Table 1. Prediction error of GLM (glm.*) and GAM (gam.*) models on training and test data sets.
Model | MSE (Train) | MRD (Train) | MSE (Test) | MRD (Test) |
glm.full | 0.032 | 0.277 | 0.082 | 0.511 |
glm.step | 0.030 | 0.278 | 0.081 | 0.499 |
glm.bits | 0.032 | 0.283 | 0.082 | 0.497 |
gam.full | 0.030 | 0.264 | 0.085 | 0.534 |
gam.step | 0.030 | 0.274 | 0.081 | 0.498 |
gam.bits | 0.032 | 0.281 | 0.082 | 0.497 |
Results are shown for models with three sets of predictor variables: 1) full models which contain all BLAST statistics (full), 2) stepwise models which contain BLAST statistics selected during using a stepwise AIC variable selection process (step), and 3) bits models only utilize the BLAST bit score (log) as a predictor variable (bits).
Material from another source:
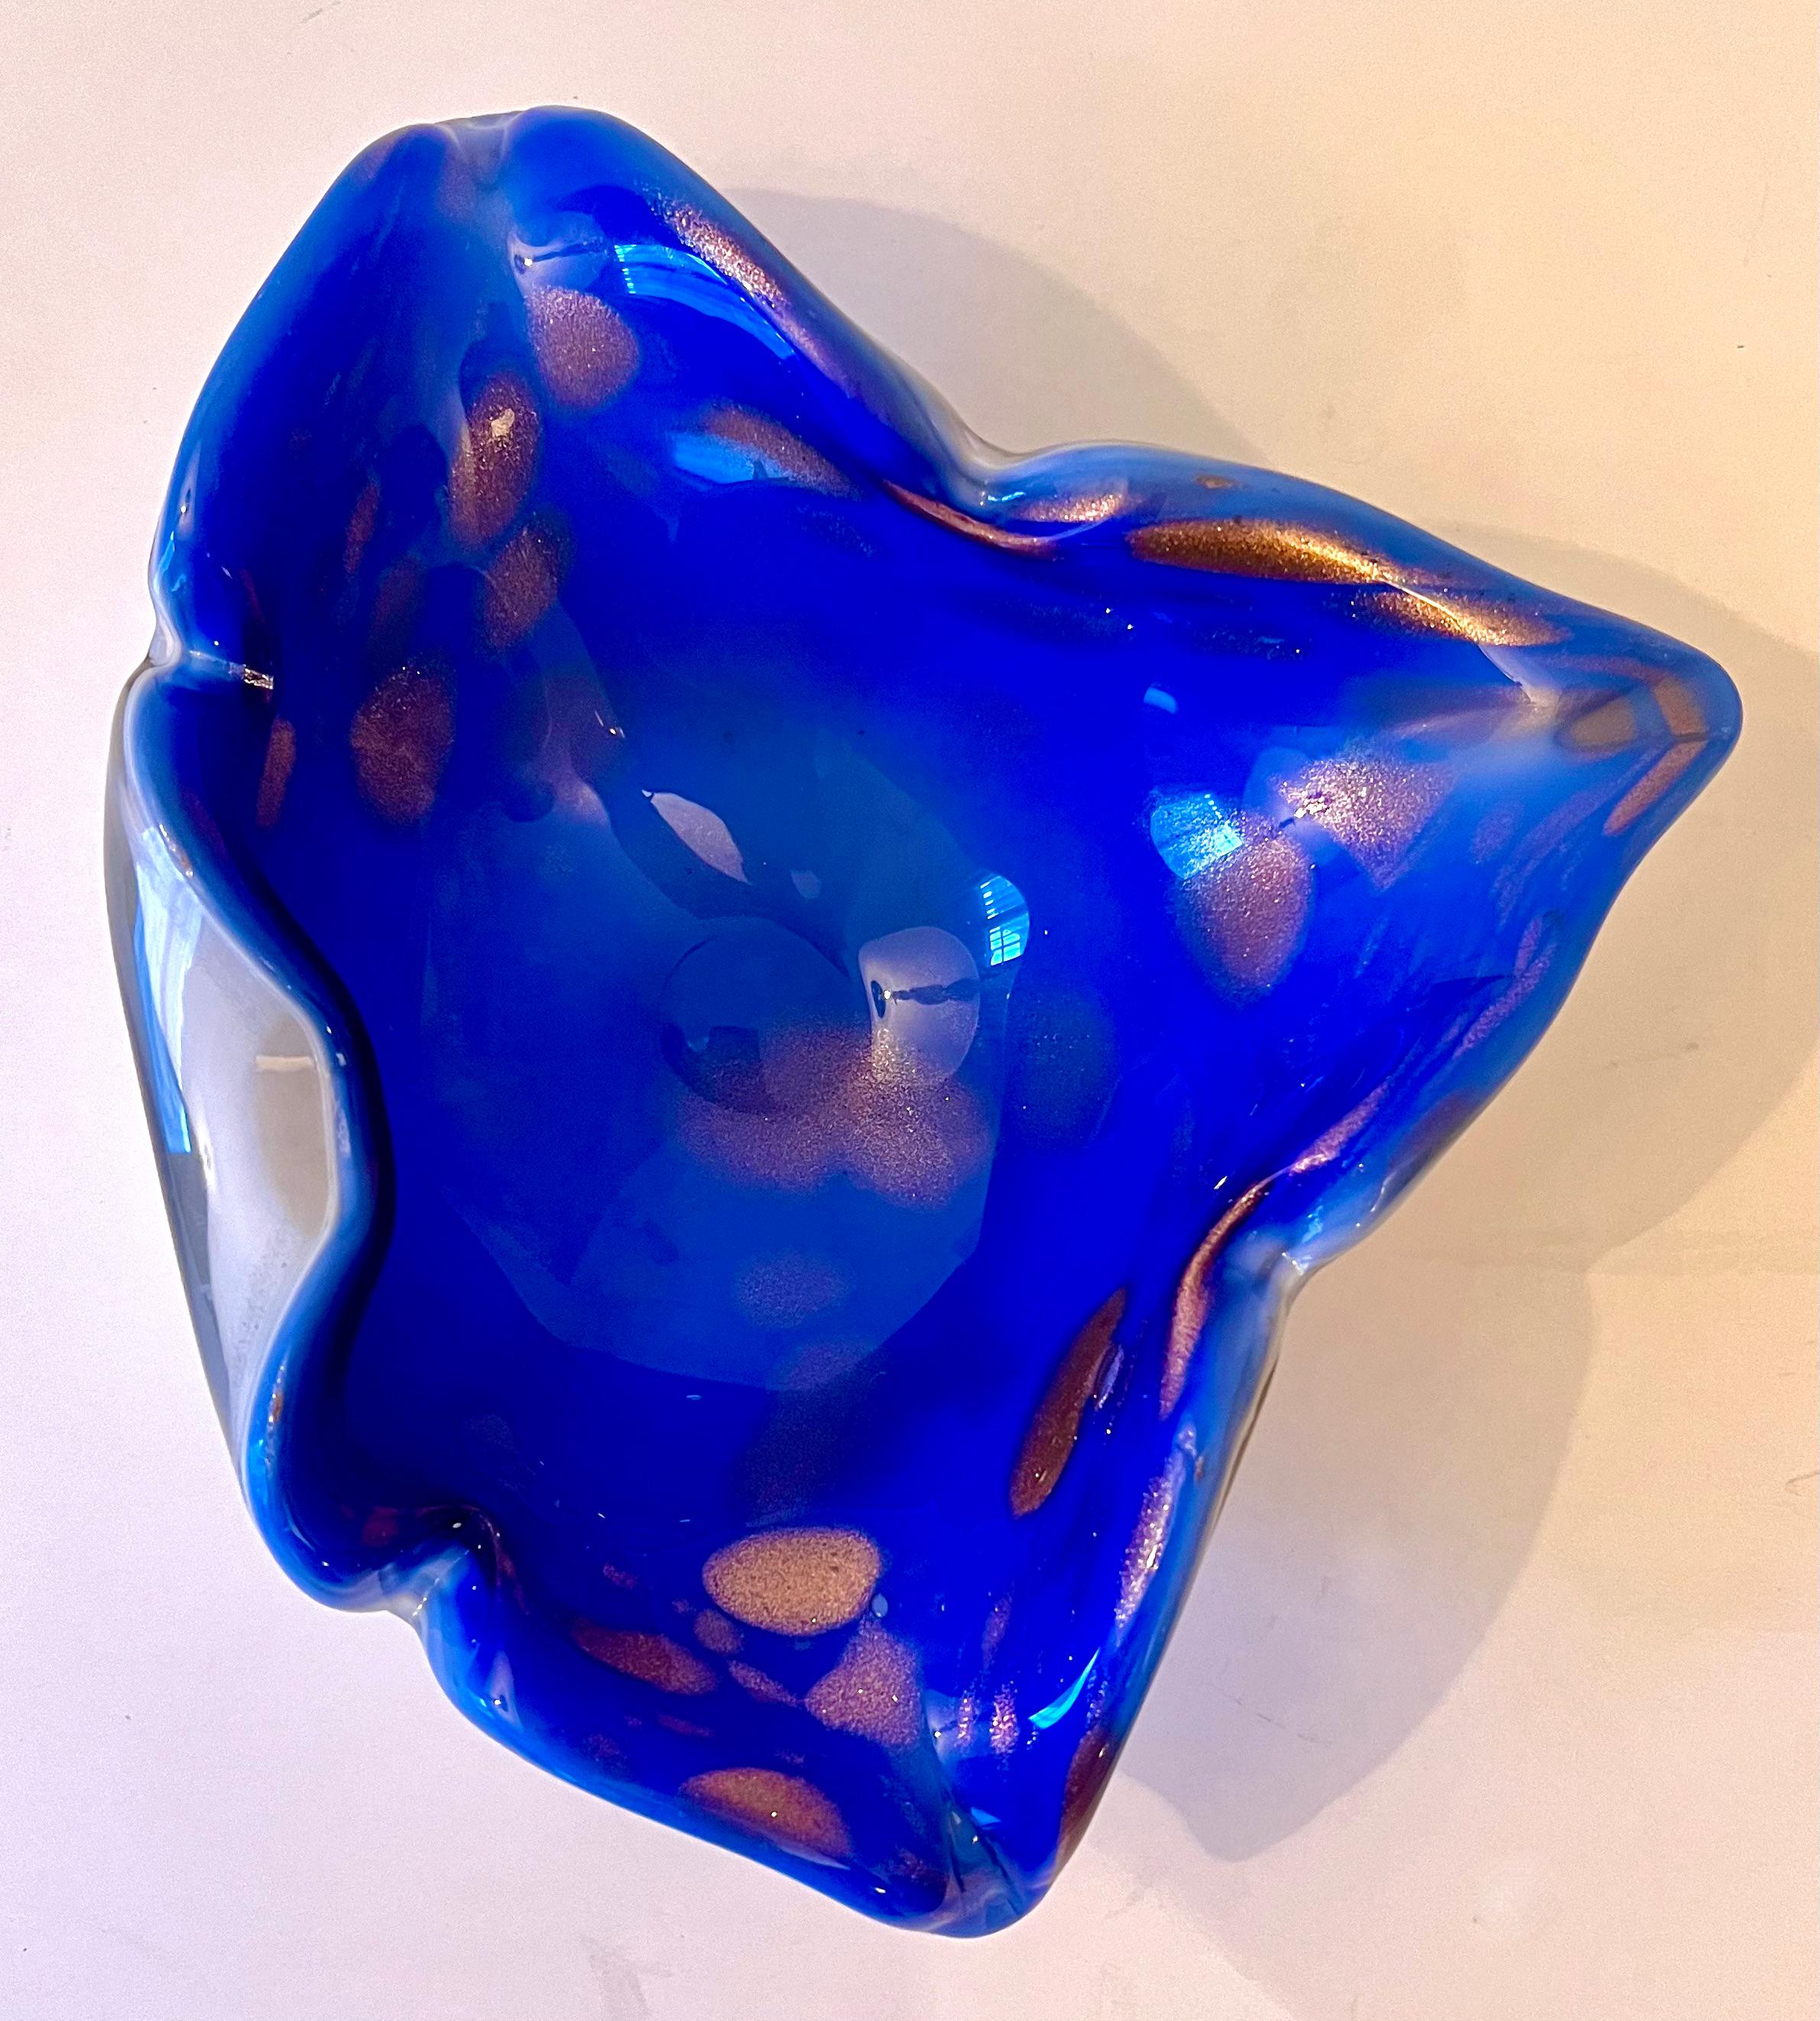 A wonderful Sommerso Murano bowl or ashtray of brilliant cobalt Blue - hand crafted in Italy and ready for your cocktail table or works well as a decorative piece... also makes a great addition to your desk for things like rubber bands to paper

Models were assessed using both MSE and MRD (lower values are better). On the training set, models with all predictor variables (glm.full, and gam.full) fit the data best (MSE = 0.032 and 0.030 and MRD = 0.277 and 0.264 respectively). However, models with more predictor variables do not perform significantly better on the test data versus models which have bit score as a single predictor.